Others just cannot gamble ever again because it's like *** to their brain.
I respect whatever camp anyone is in. For some, total abstinence is the only way, for others just avoiding the triggers or particular game, etc.
I would be wary of anyone who professes to 'know' the solution - it either comes from denial, arrogance, or dogma.
Do what you feel right for YOU, and you alone, don't be a sheep, but don't ignore good advice when it comes either. Either way, best of luck to you.
Sincerely,
Molehole x
You're very welcome A New Life, no problem at all, happt to help if I can.
This Forum deals with deeply senstive and affecting issues my friend; this understandably leads to confrontation at times - it is going to happen; try and bear in mind that the people here are very vulnerable if you feel like posting something that you might regret later on.
Molehole has given you some excellent and very through advice. I particulary like his point on being wary of "knowing" the solution - no-one has it, we are all working with theory and experience. I never profess to have the answers, I can only go on what I have seen and experienced myself and hope to point people in the right direction - there are no real experts my friend, as Molehole says, do what is right for you.
I will certainly look back on your other posts my friend. Thank you again for coming back to me.
JamesP
Hey JamesP, is there any way I can send you a quick private message on this forum?

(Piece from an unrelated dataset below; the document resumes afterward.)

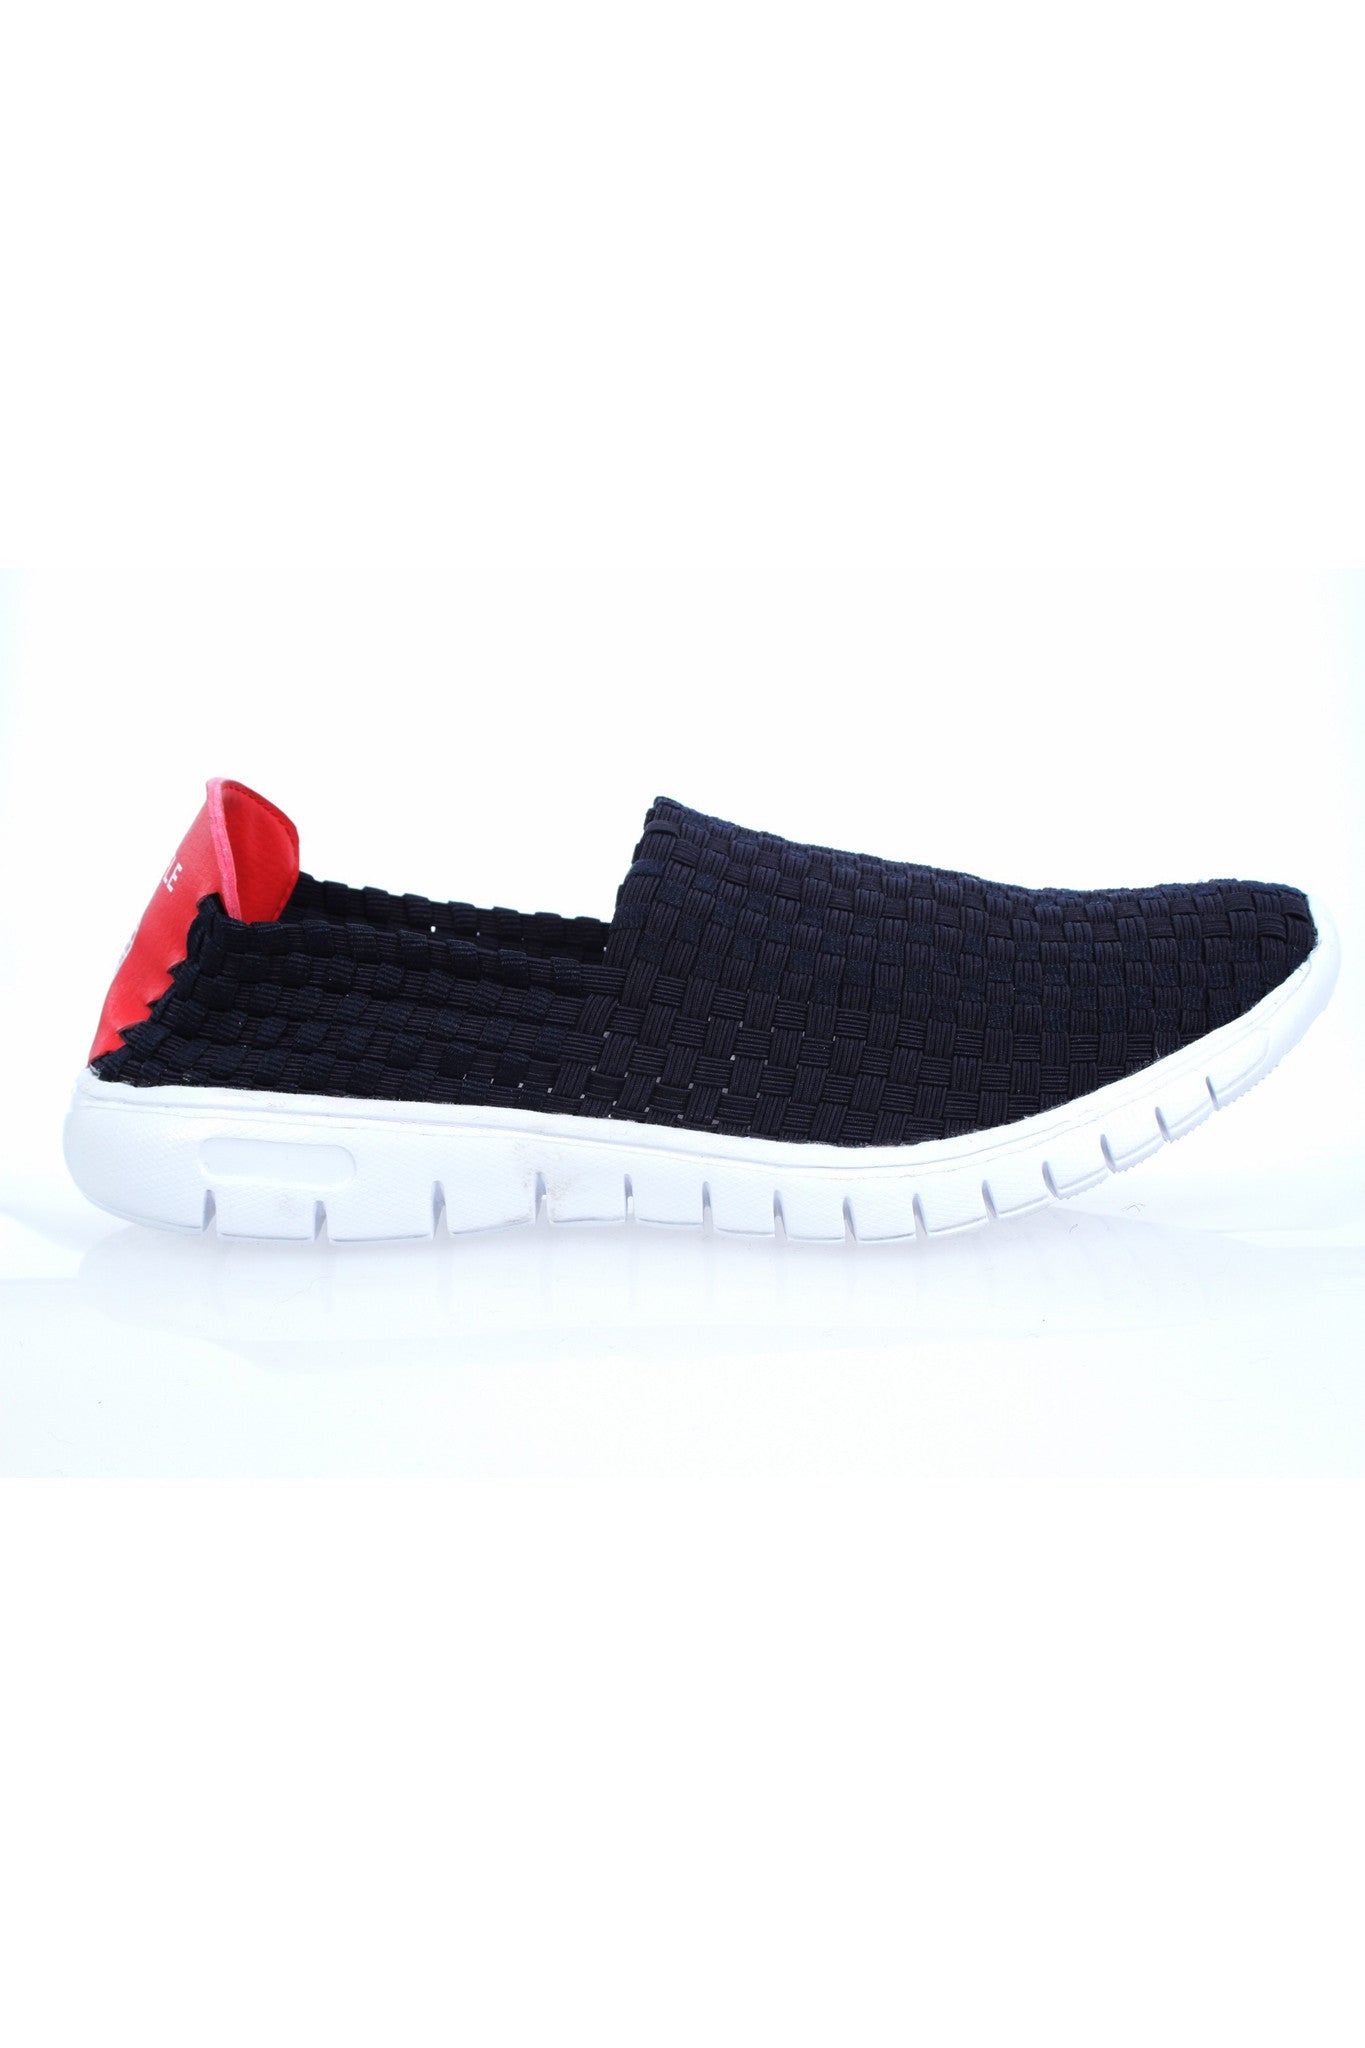 Waffle Pump Mens Casual Navy Sneakers Comfy Slippers

There's a question I want to ask you that I'm not comfortable sharing to the world.
thanks. mx
Hi Molehole, there is no facility on here, but you can drop me an e-mail to [email protected], that is no problem at all, hope I can help.
JamesP
Thanks JamesP, emailing you now.
Best,
Molehole x
Well I feel good today (well reasonable) as I mentioned on previous post im playing the credit card shuffle with some big balances (35k in total) and instead of waiting for a 0% offer to drop through the letterbox (as they USED to often do) I rang up one of the companys to see if they had any current deals,hey presto they did 15 months 0% with only a 1% fee (result!!)
So I,ve banged 9k over to them and am also able to shuffle the rest across the other cards,this means in effect I,ve got NO INTEREST to pay all this year and that should?? mean I can chip away at the balances nicely.
I,ve never been a real negative person,well gambling certainly affected my mental state but what I mean is I,ve always been a doer,a get stuck in guy,yes my work is still practically zero but im actively searching for something else (tall order at my age but gotta do it) the gambling side of my life is well behind me now after 8 years,i have slipped a few times but nothing compared to the horror days of pre 2006 and nothing for a good many months recently.
I,m hoping 2014 gives me a new outlook,i read all the newcomers posts and I salute you all for being here,do stop gambling,do repair all the financial damage (if you can of course) do repair and reboot your brains to become a non gambler,DONT make a meal of it all,DONT dwell on the past,i made a post here a few years back called FOCUS WITHOUT FOCUS and it basically explained my concept of stopping gambling,getting into recovery and finally moving on,life is for living and each day should be gratefully received.
Am I preaching here (again,lol) I have in the past and I don't mean to patronize but I do still believe giving up gambling is the easiest part of the journey,altering our lives to accept we cannot and should not gamble takes a little more effort,well after 8 years I,ve learned a lot about me,masses about addiction and the biggest one of all just because I,ve made mistakes that doesn't make me a mistake.